За вычетом довольно высокой платы за комнату, мы зарабатывали с братом рублей по пятидесяти. Но для этого приходилось работать с раннего утра до поздней ночи, едва урывая час, чтобы наскоро пообедать в какой-нибудь дешевой кухмистерской и пробежать там номер газеты. Если выдавались какие-нибудь промежутки в основной работе, Студенский тотчас же старался заполнить их работой "по часам". Это значило, что он снимал со стены длинные полосы "словаря по окончаниям", и нам приходилось тянуть эту бесконечную и бессмысленную канитель. Это была работа "хозяйская", очень дешевая (что-то копеек по шести в час) и совершенно бессмысленная, а потому особенно тяжелая. Человек с мертвой маской вместо лица и с тусклыми ледяными глазами держа и нас все это время в цепких костлявых руках, точно фантастический вампир. Оказалось вдобавок, что сердце его доступно обычным человеческим слабостям. Поэтому он иногда прикомандировывал к нам в качестве "чтицы" некую барышню, совершенно неспособную даже к этой нехитрой работе. Мы становились под влиянием обстановки болезненно нервными, а брат, обладавший вообще нетерпеливым темпераментом, часто выходил из себя.
- Тут не так,- говорил он, пока еще сдержанно, ожидая, что "чтица" поправит неправильность по рукописи. Но бедная помощница давно потеряла текст и теперь тщетно старалась найти требуемое место. Брат начинал терять терпение:
- Я жду,- говорил он, уже волнуясь, но помощница, потеряв всякую надежду найти в рукописи требуемое место, вдруг подымала глазки к потолку и с наивно любознательным видом произносила:
- Вот что. Я давно хотела спросить вас: что такое "сквоттер" и "фермер"?
Брат окончательно терял терпение, хватался за голову, начинал топать ногами и произносил с бешенством:
- К чорту сквоттеров! К дьяволу фермеров! Ко всем чертям всех вместе!.. Давайте рукопись и сидите молча... Я буду читать один...
Глаза бедной барышни расширялись от испуга, и на них появлялись слезы...
- Погодите, она разовьется,- говорил Студенский, до слуха которого доходили эти вспышки...
Вскоре в этой обстановке и в этой тяжелой атмосфере, насыщенной глухим вздрагивающим гулом и удушливыми парами, у меня повторились припадки нервной астмы, которой я был подвержен с детства. Она всегда повторялась в периоды тяжелой жизни, исчезая с переменой настроения...

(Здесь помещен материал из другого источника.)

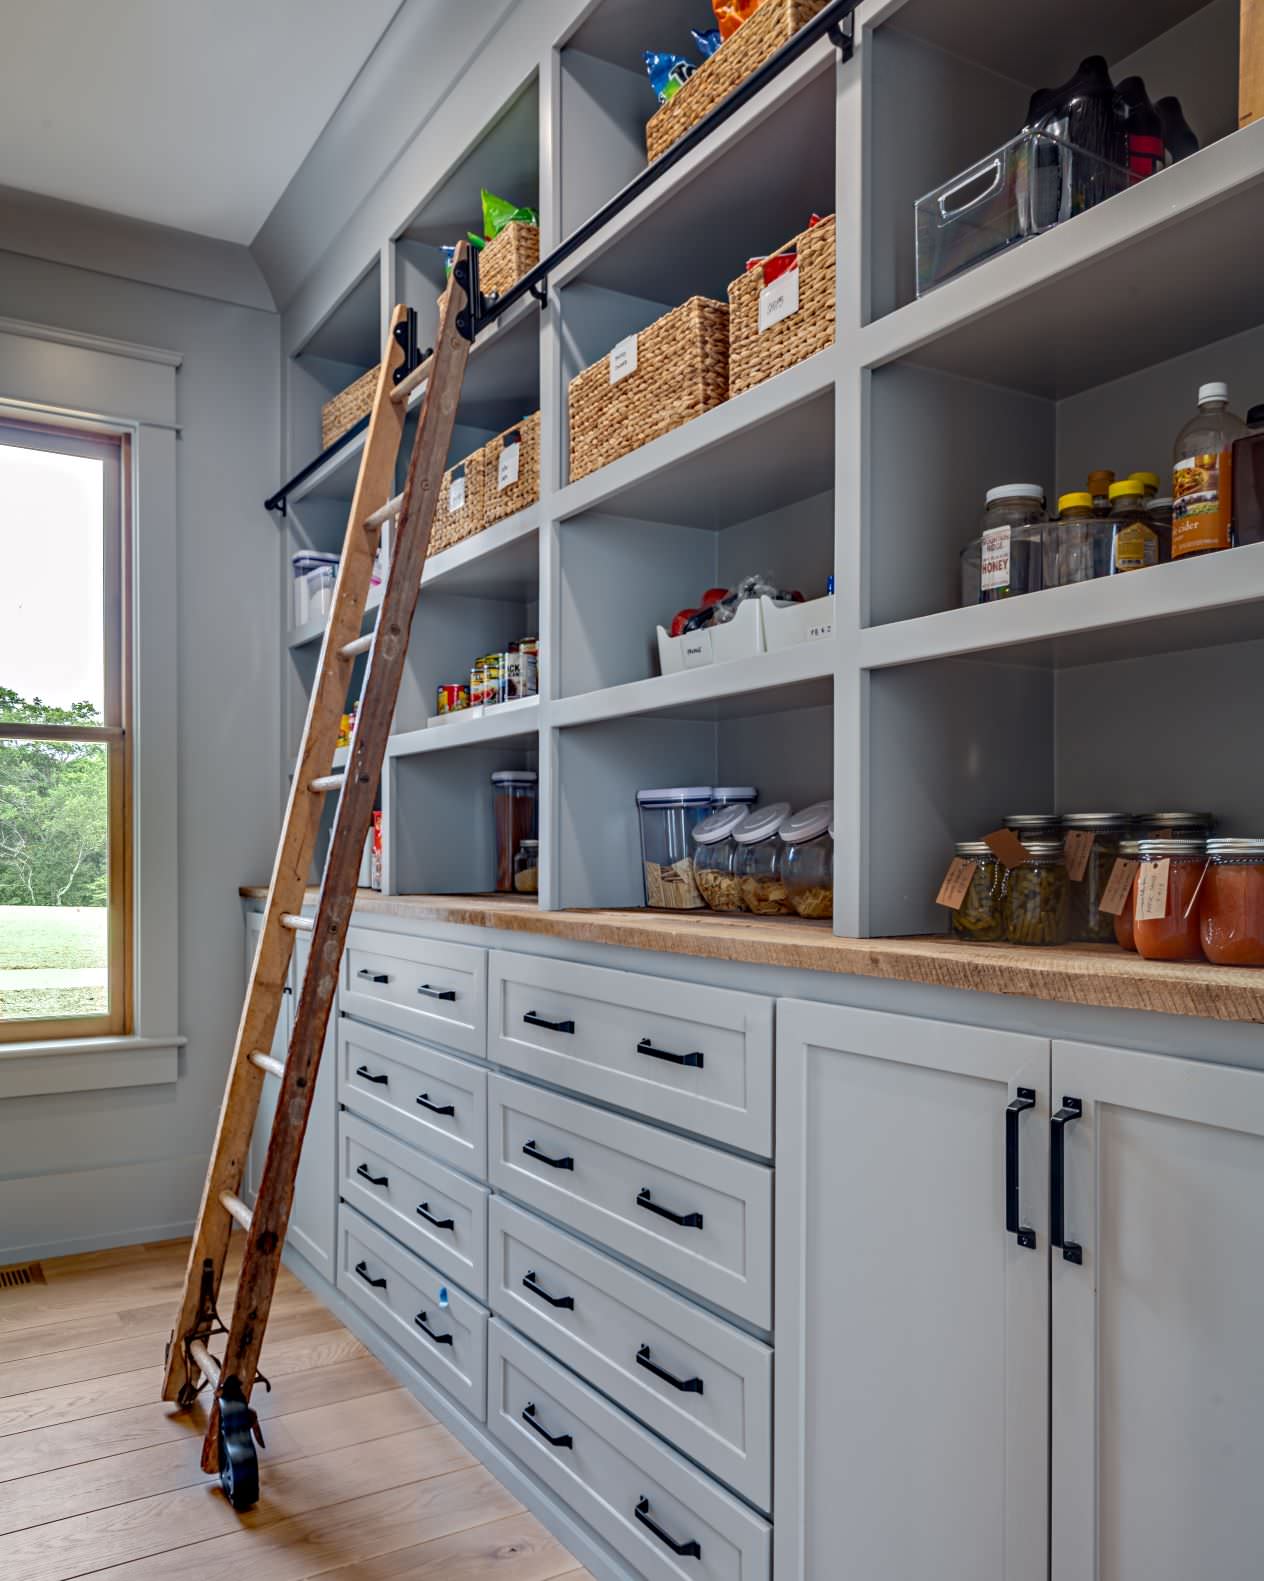 75 Beautiful Single Wall Kitchen Pantry Pictures Ideas March 2021 Houzz

Подошла ясная, теплая осень, тот период, когда на петербургских улицах в полусумраке увеличивающихся вечеров начинают зажигать фонари. Однажды в такой сумеречный час я только что вернулся из кухмистерской. Брата не было, на столе еще не лежала корректура. Открыв окно, я лег на подоконнике и высунулся в переулок. Было свежо и приятно. Резкий ветер от взморья освежил воздух, дышалось легко. Мимо нашего окна быстро пробежал фонарщик с лестницей на плече, и вскоре дав цепочки огоньков протянулись в светлом сумраке...

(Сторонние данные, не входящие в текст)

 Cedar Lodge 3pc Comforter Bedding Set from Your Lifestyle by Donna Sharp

Я почувствовал, как внезапная, острая и явно о чем-то напоминающая тоска сжала мне грудь. Она повторялась в эти часы ежедневно, и я невольно спросил себя, откуда она приходит? В ресторане я прочитывал номера "Русского мира", в котором в это время печатался фельетоном рассказ Лескова "Очарованный странник". От него веяло на меня своеобразным простором степей и причудливыми приключениями стихийно бродячей русской натуры. Может быть, от этого рассказа, от противоположности его с моею жизнью в этом гробу веет на меня этой тоской и дразнящими призывами?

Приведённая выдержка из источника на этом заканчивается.